On July 24, 1998, the weather was stormy, with rain, thunder, and lightning. About 3:30 p.m., while leaning against a metal table in the office, Byrom was talking on a corded telephone to Doug Benson, the manager of the Ceasco shop in Cullman. While Byrom was talking on the telephone, William Brosch, an employee in the shop managed by Byrom, heard a clap of thunder and a split second later heard Byrom yell. Looking around the car he was working on, Brosch saw Byrom drop the telephone, grab his ear, and walk in circles.

According to Brosch, after Byrom walked around once or twice in a circle, Byrom's legs were shaking so much that he sat on the floor, where he sat rocking back and forth while holding his ear. Shop employees asked Byrom whether he was all right. He said he was nauseous. He was taken to the bathroom, where he vomited. Because his heart was fluttering, he decided he needed to go to the hospital. One of the shop employees drove Byrom to the emergency room of a hospital.

Byrom has little memory of July 24, 1998. He recalls talking on the telephone to the Cullman store manager. Byrom's next recollection is waking up on the floor. He recalls feeling severe pain in the left side of his body and going to the hospital. He does not recall yelling or walking in circles. He does not recall hitting his head but does recall severe pain in his head. After he returned to work, shop employees showed him where he was sitting when they found him. He was six feet away from the telephone. They told him that he was thrown six feet from where he had been talking on the telephone. Subsequent to Byrom's injury, because of a continual buzzing noise, the telephone he had been using had to be replaced with another telephone.

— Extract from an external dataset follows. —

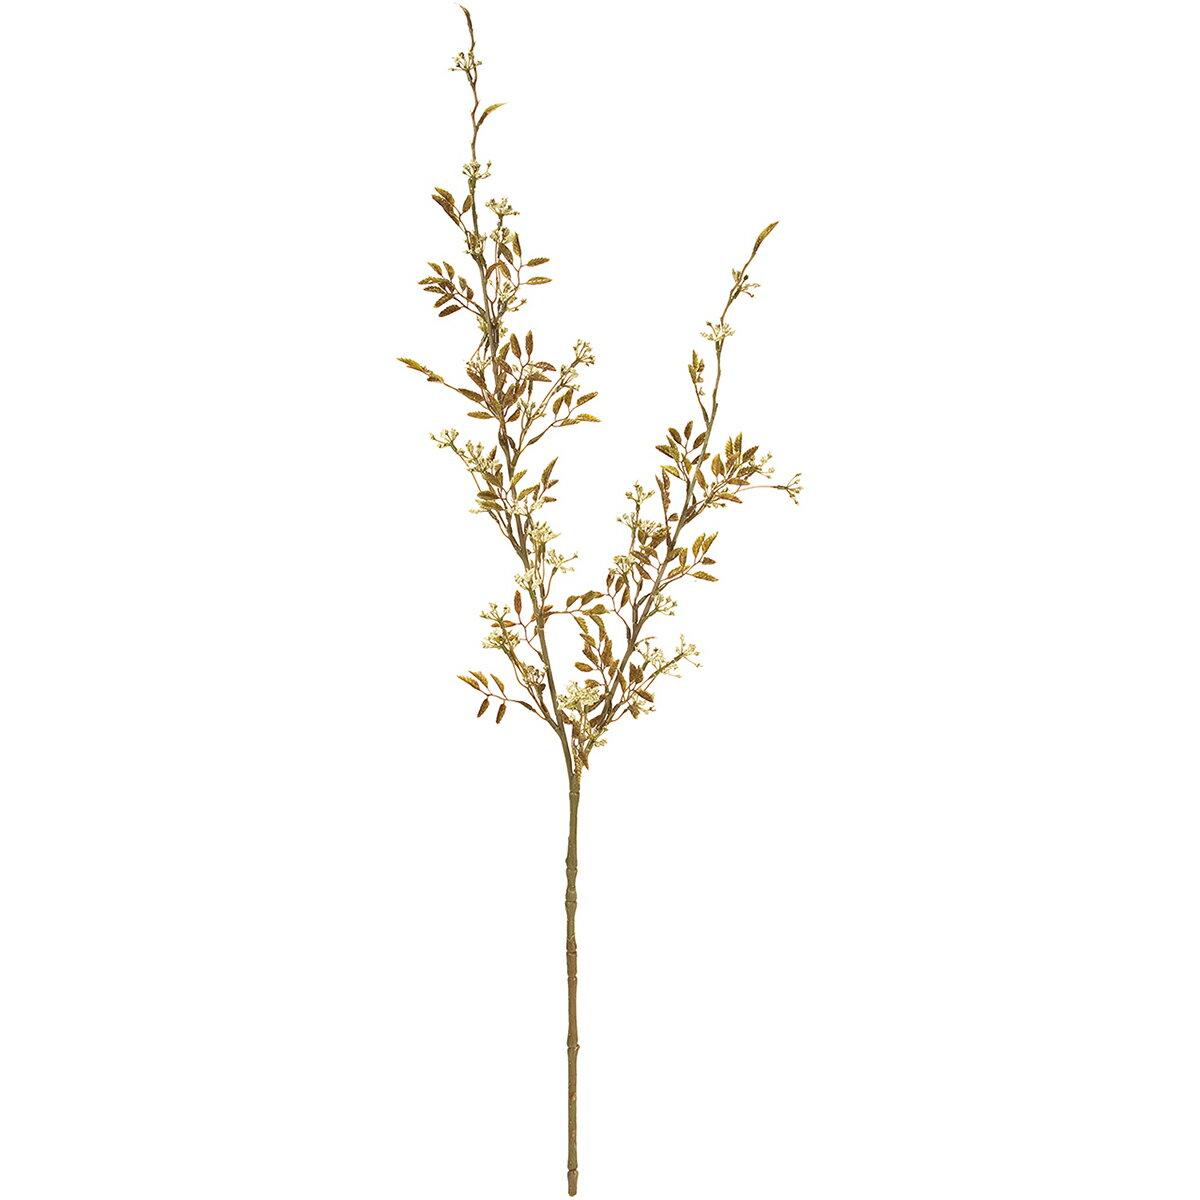 【造花】MAGIQ(東京堂)/ワイルドディルフラワー #1 クリーム/FM002144-001【01】【取寄】《 造花(アーティフィシャルフラワー) 造花 花材「た行」 その他「た行」造花花材 》

"On certiorari review, this Court accords no presumption of correctness to the legal conclusions of the intermediate appellate court. Therefore, we must apply de novo the standard of review that was applicable in the Court of Civil Appeals." Ex parte Toyota Motor Corp., 684 So.2d 132, 135 (Ala.1996). "The Work[ers'] Compensation Act, being remedial in nature, should be given liberal construction to accomplish the beneficent...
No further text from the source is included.